Al acercarnos a Málaga, le propuse a Juan que me dejara en la primera estación de gasolina que se nos atravezara. Contrariado, él insistió para que viniera a beber una cerveza fría al pueblito donde estaban viviendo, pues se encontraba en el mismo camino. Su generosidad y la alegría que nuestro encuentro parecía haberle brindado me impidieron rechazar la invitación.
En un par de minutos llegamos a una casoneta ubicada sobre un alto camino empedrado, justo al lado de un edificio en obras. Después de estacionar el auto, Sofián abrió la puerta, salió y me dio paso para seguirlo. Bajo ese ardiente calor del atardecer, una cerveza fría parecía una gran recompensa. Viendo al perro, que continuaba resoplando como un caballo, pensé que a él también le vendría bien algún trago para refrescar la garganta.
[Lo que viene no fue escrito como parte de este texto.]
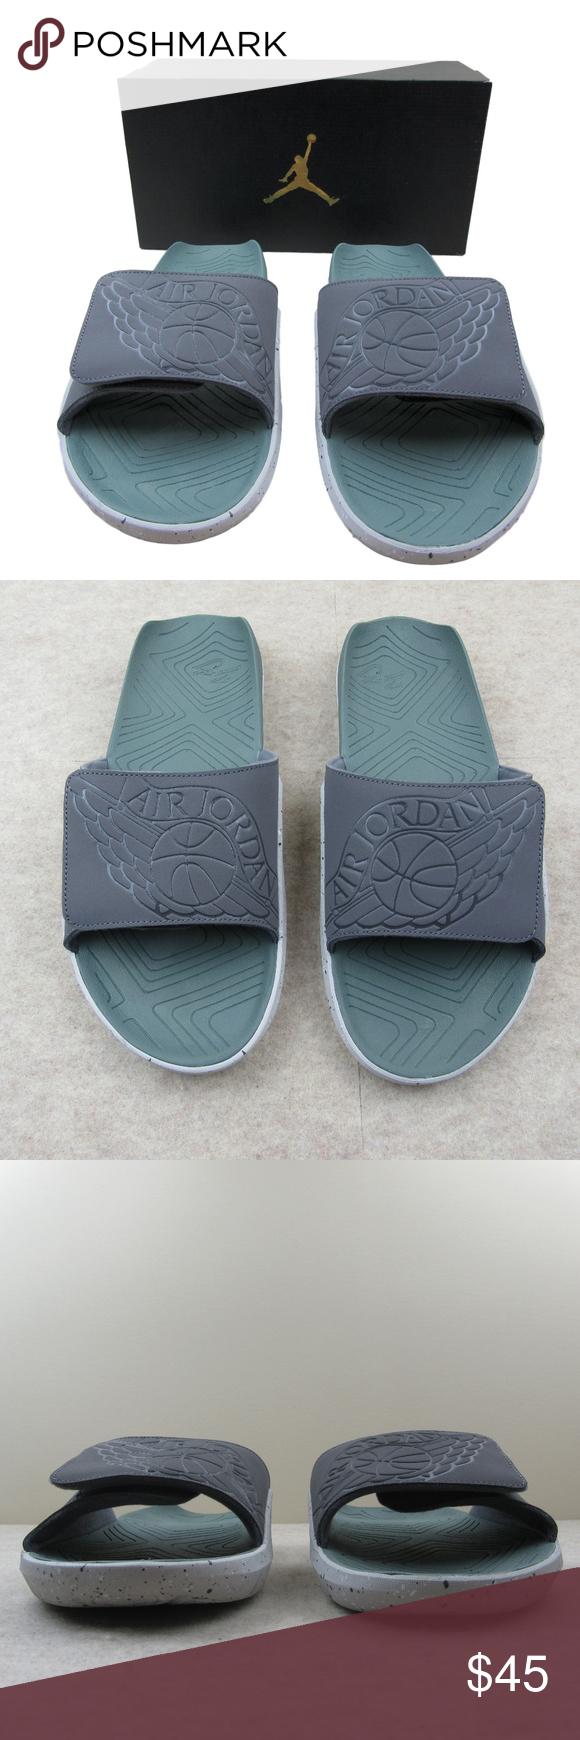 b14f30d64bda Jordan Hydro 7 Slides Sandals Size 13 Mens Jordan Hydro 7 Slides Sandals  Men s Dark Grey Clay Green Tech Style - AA2517 035 Men s Size 13 Brand New  in ...

Juan se inclinó hacia el asiento de atrás y tomó al perro por el collar, cargándolo con un solo brazo de manera un poco ruda. Jadeando aún más fuerte, el bulldog dejaba un caminito de babaza blanca tras de sí. Juan lo cargó hasta un grifo que estaba a unos metros y, sin soltarlo del cuello, abrió la llave para que el perro calmara su sed. El fuerte chorro de agua hizo el efecto contrario, pues el collar ya asfixiaba al animal y esto lo atoraba todavía más. El perrito bufaba y pataleaba para liberarse. Entonces Juan se dio cuenta pero, extrañamente, resolvió darle fuertes bofetadas sobre el hocico y, para completar, Sofián se acercó con afán y repitió la acción de su compañero. Yo apenas atiné a decirles que dejaran al animal tranquilo, pero tampoco insistí mucho porque esa repentina y violenta acción me paralizó. Cuando el perro dejó de moverse, Juan lo dejó caer sobre el suelo e intentó una respiración boca a boca. Sofián se resistía a aceptar lo sucedido y le propinó unos bruscos masajes sobre el vientre. La muerte del animal quedó confirmada por una pequeña expulsión de mierda flatulenta cuya textura contrastaba con el suelo empedrado.
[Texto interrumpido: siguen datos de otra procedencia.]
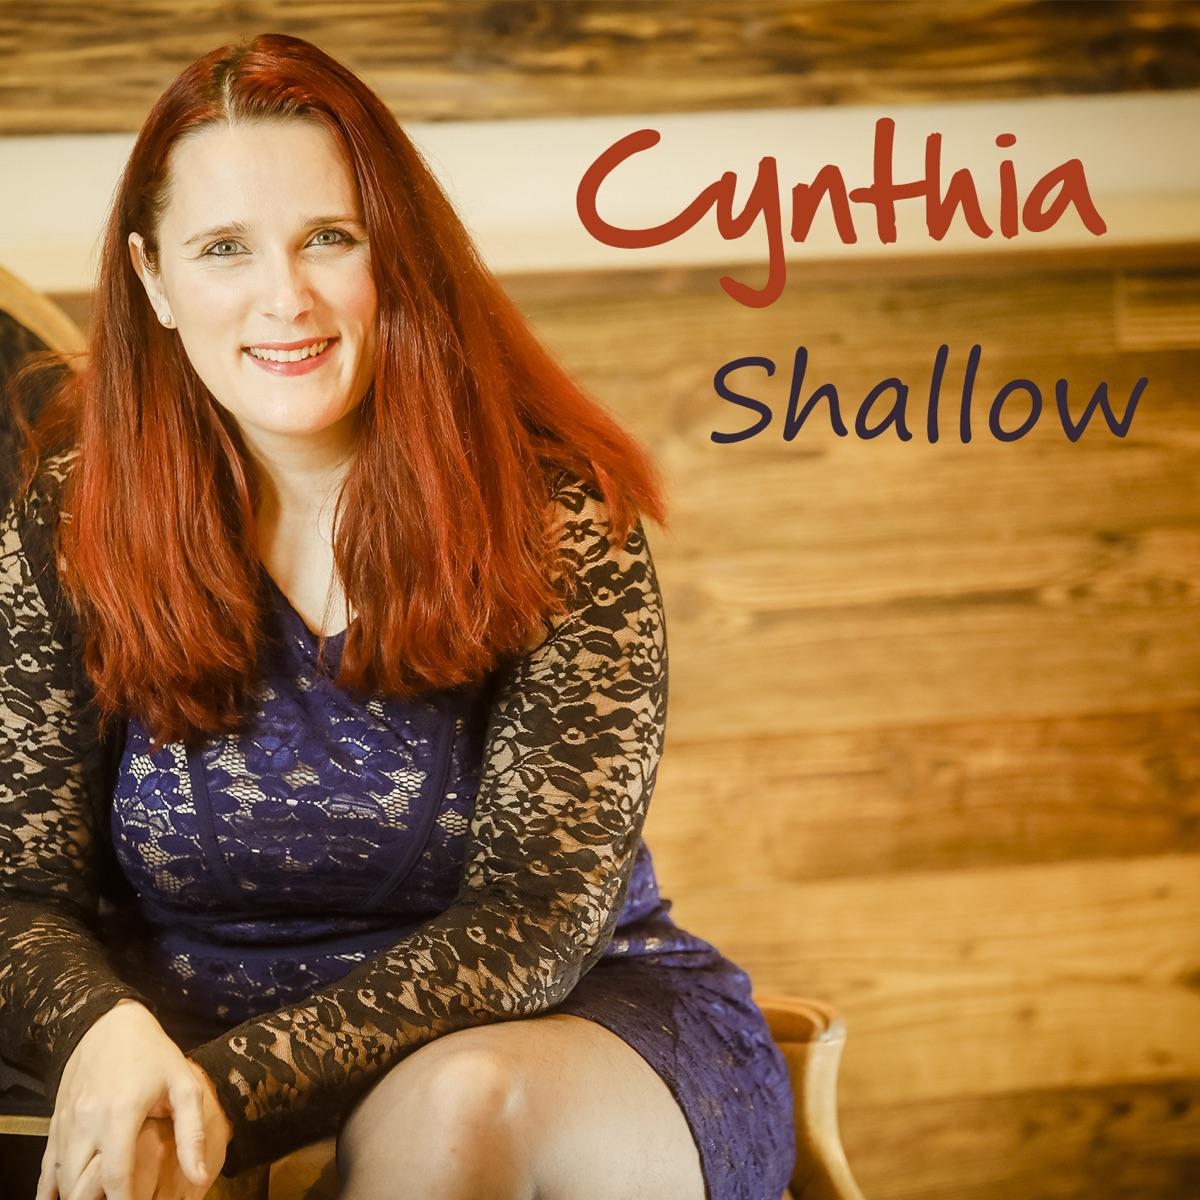 Shallow – A Star is Born - Lady Gaga - Single Cynthia Colombo CD cover

Un denso ambiente de duelo, una especie de neblina se instaló y nos cubrió a los tres. Yo miraba al suelo, atónito. El cadáver del perro estaba rodeado de un charco de agua, mierda y babaza blanca. Su lengua seguía por fuera. En el fondo, yo me sentía incapacitado para juzgar esta muerte accidental. Aquellos hombres me habían conducido amablemente y ahora, justo cuando trataban de hacer algo bien (de una manera bastante bruta, es cierto), la realidad les pateaba la nariz. Juan era el más decepcionado de todos, seguramente porque se sentía responsable directo. Negaba con la cabeza y maldecía sin parar, como si no se explicara la cosa. Pasado un rato, entró a la casa y regresó con una cerveza helada, una caja de cartón y una pala. Metió al perro en el cofre del carro, siempre tomándolo del collar con su inmensa mano derecha.
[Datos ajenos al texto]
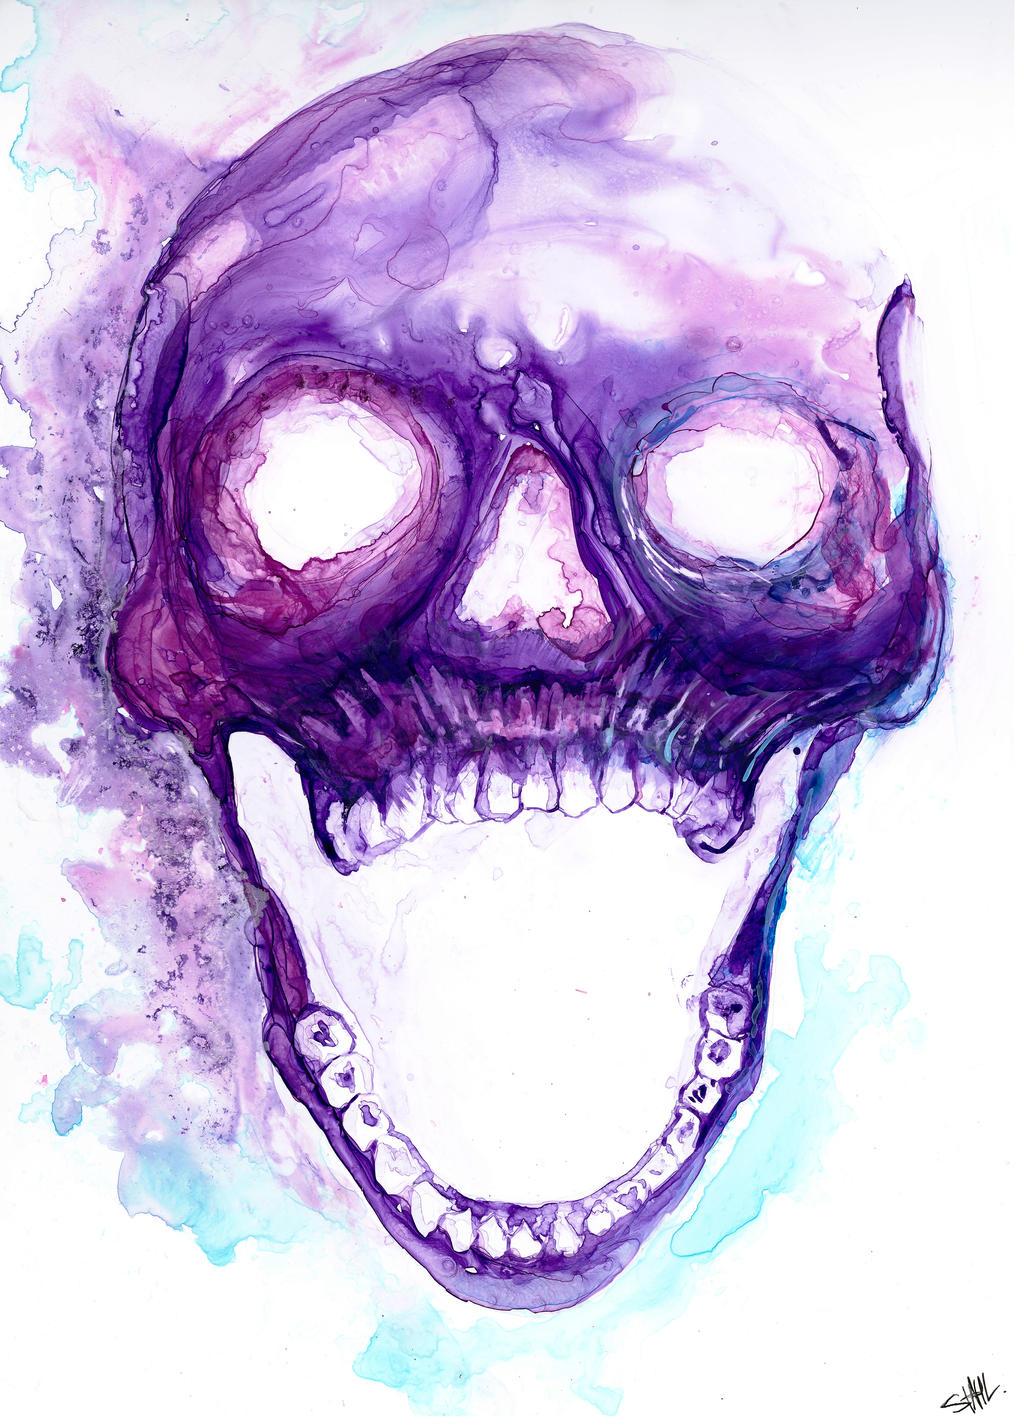 Purple Skull by clement-stahl on DeviantArt

Bebimos la cerveza en silencio, dando cortos sorbos y pasándola sin mirarnos a la cara. Cumplido lo acordado, estreché la mano de cada uno, expresándoles que sentía mucho lo sucedido y que no era culpa de nadie, que así eran las cosas, pero antes de partir, Juan me dijo, lastimero :
– Ají ej la vida, ¿no ? Todo ej culpa de ejte puto calor que hace acá… Ya es el tercer perrito que se me muere ejte verano.